The test.c application was compiled by each team member in this way (in a user-specific scratch space in the US NFS allocation) :
mpiicc –g -o testc-intelMPI test.c
To run the executable, we use:
mpirun -n 4 -perhost 1 -env I_MPI_FABRICS tcp -hostfile /nfs/<pathTo>/machines.LINUX ./testc-intelMPI
For the U.S based team members, the output is as follows:
Hello world: rank 0 of 4 running on <hostname1> Hello world: rank 1 of 4 running on <hostname2> Hello world: rank 2 of 4 running on <hostname3> Hello world: rank 3 of 4 running on <hostname4>
When my Russian team member executes this in the same manner, the segmentation fault message states:
/nfs/<pathTo>/intel-5.1.0.038/compilers_and_libraries_2016.0.079/linux/mpi/intel64/bin/mpirun: line 241: 7902 Segmentation fault (core dumped) mpiexec.hydra "$@" 0<&0
When using gdb, we learn the following:
Program received signal SIGSEGV, Segmentation fault. mfile_fn (arg=0x0, argv=0x49cdc8) at ../../ui/mpich/utils.c:448
We do not have the source files with this installation and are unable to inspect utils.c.

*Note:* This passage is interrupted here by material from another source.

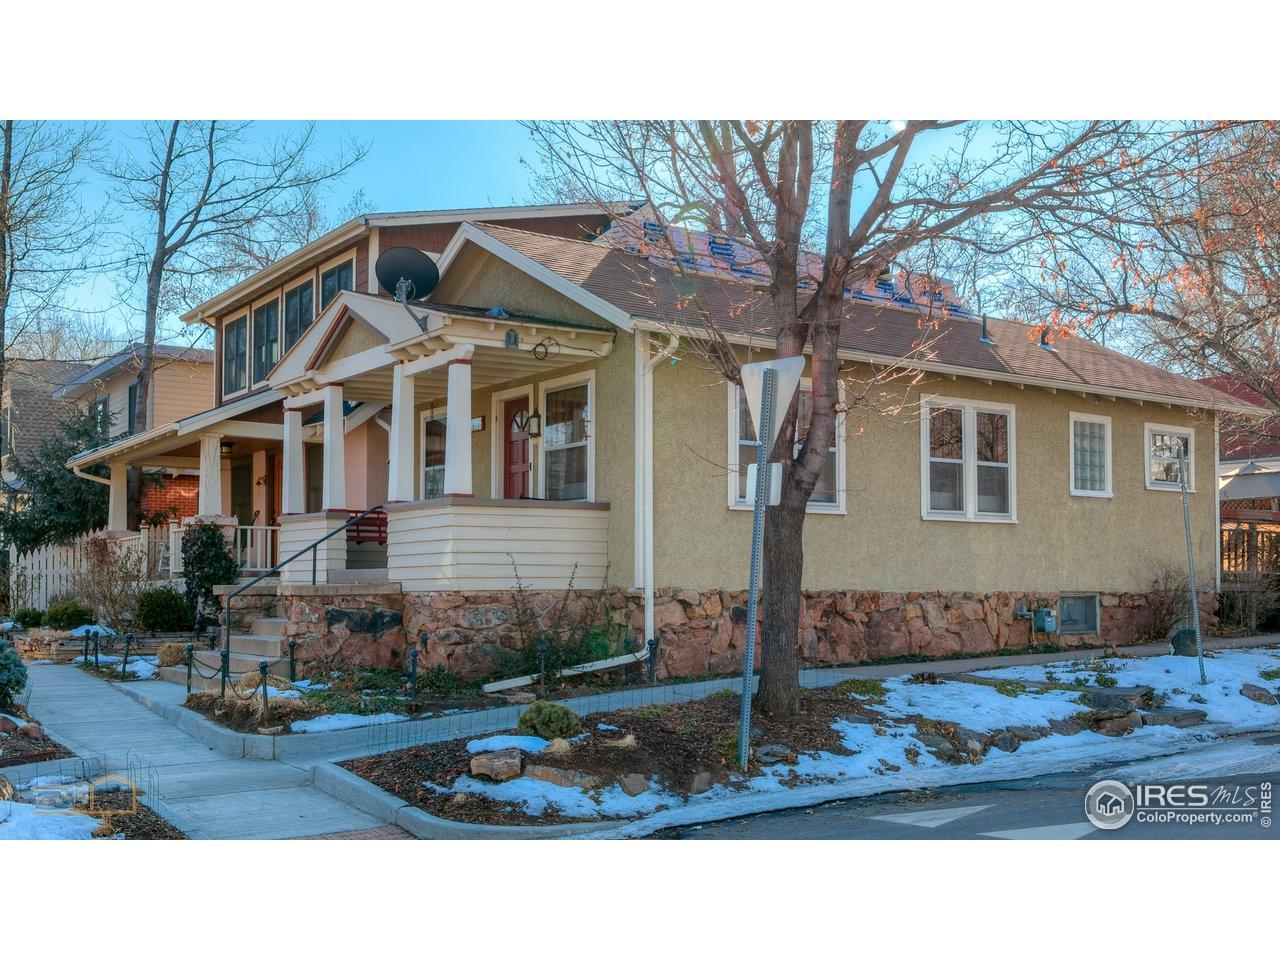 2455 6th St, Boulder CO 80304
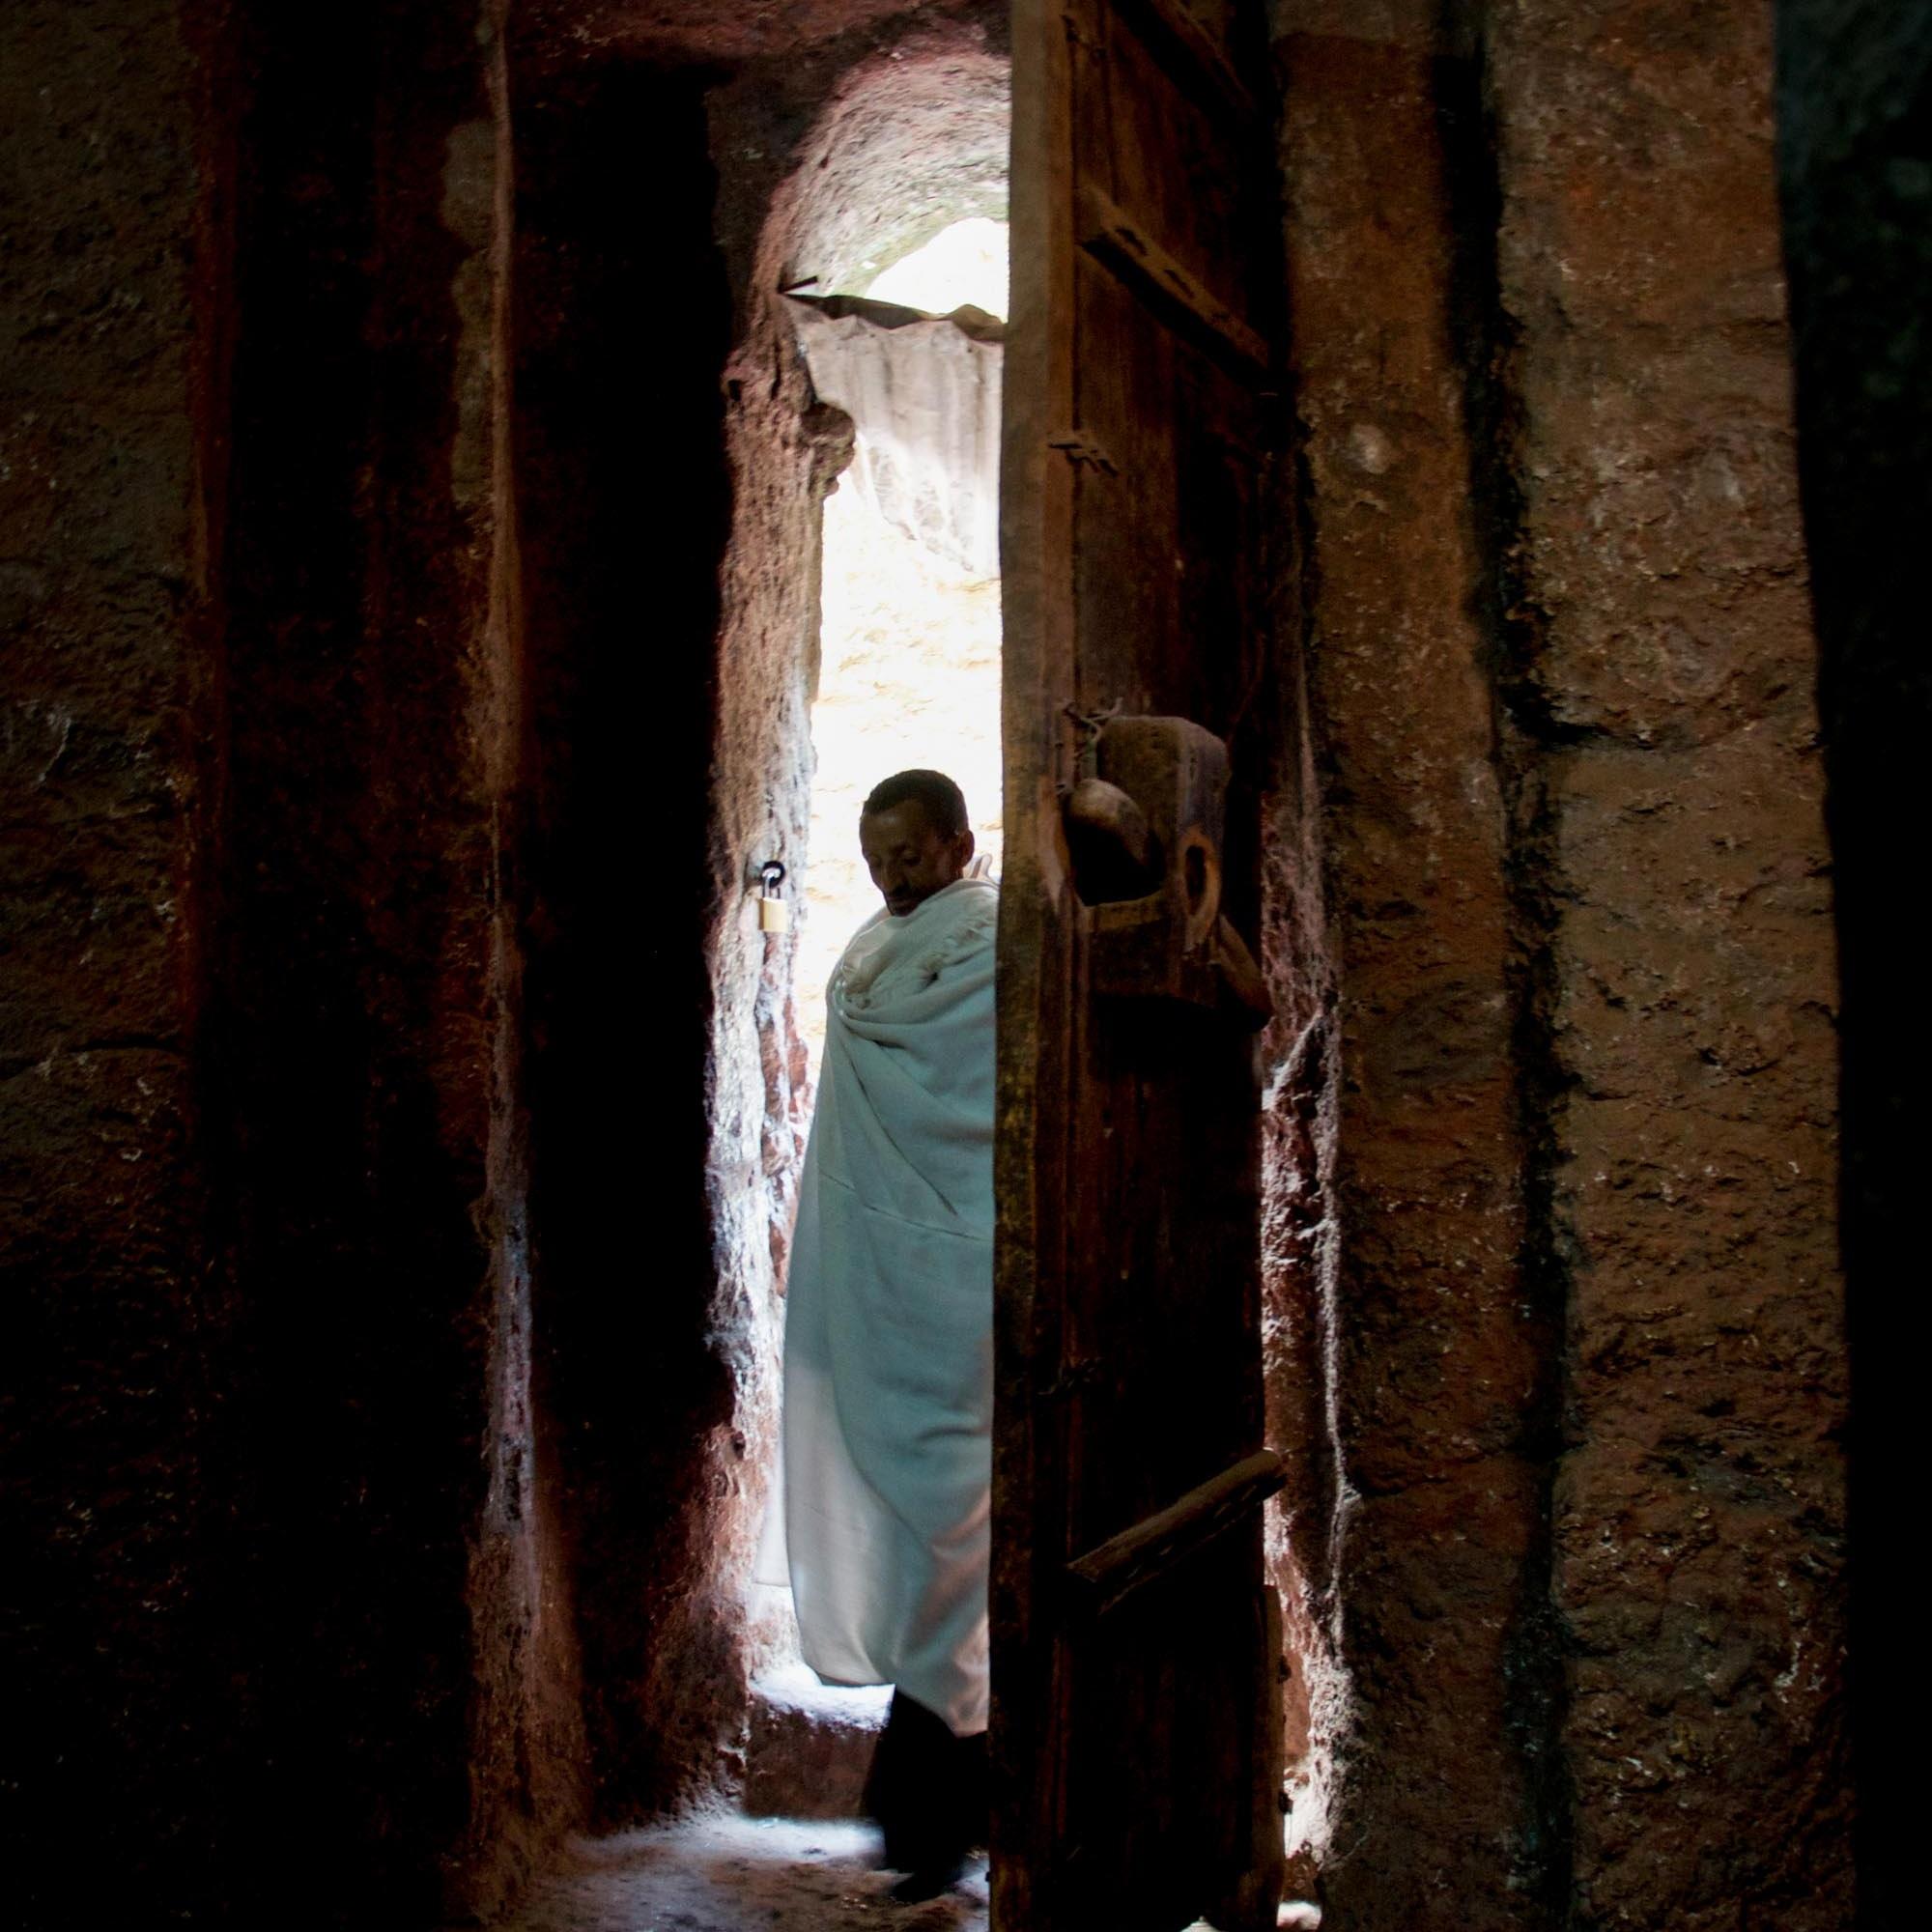 ethiopia-lalibella-pilgrim-doorway-2012-10-11.jpg

Conversely, to run on just the login node with:
mpirun -n 4 -perhost 1 ./testc-intelMPI
No segmentation fault happens:
Hello world: rank 0 of 4 running on <loginHostname> Hello world: rank 1 of 4 running on <loginHostname> Hello world: rank 2 of 4 running on <loginHostname> Hello world: rank 3 of 4 running on <loginHostname>
Let me know of any suggestions for how I can change the environment to enable my Russian team member to run this code correctly.
Hello Artem and others,
Thank you for your suggestion. We resolved the issue earlier today. The original execution by the team member had a typo; when repeated today with the '-v' option and the correct mpirun parameters, it ran as expected.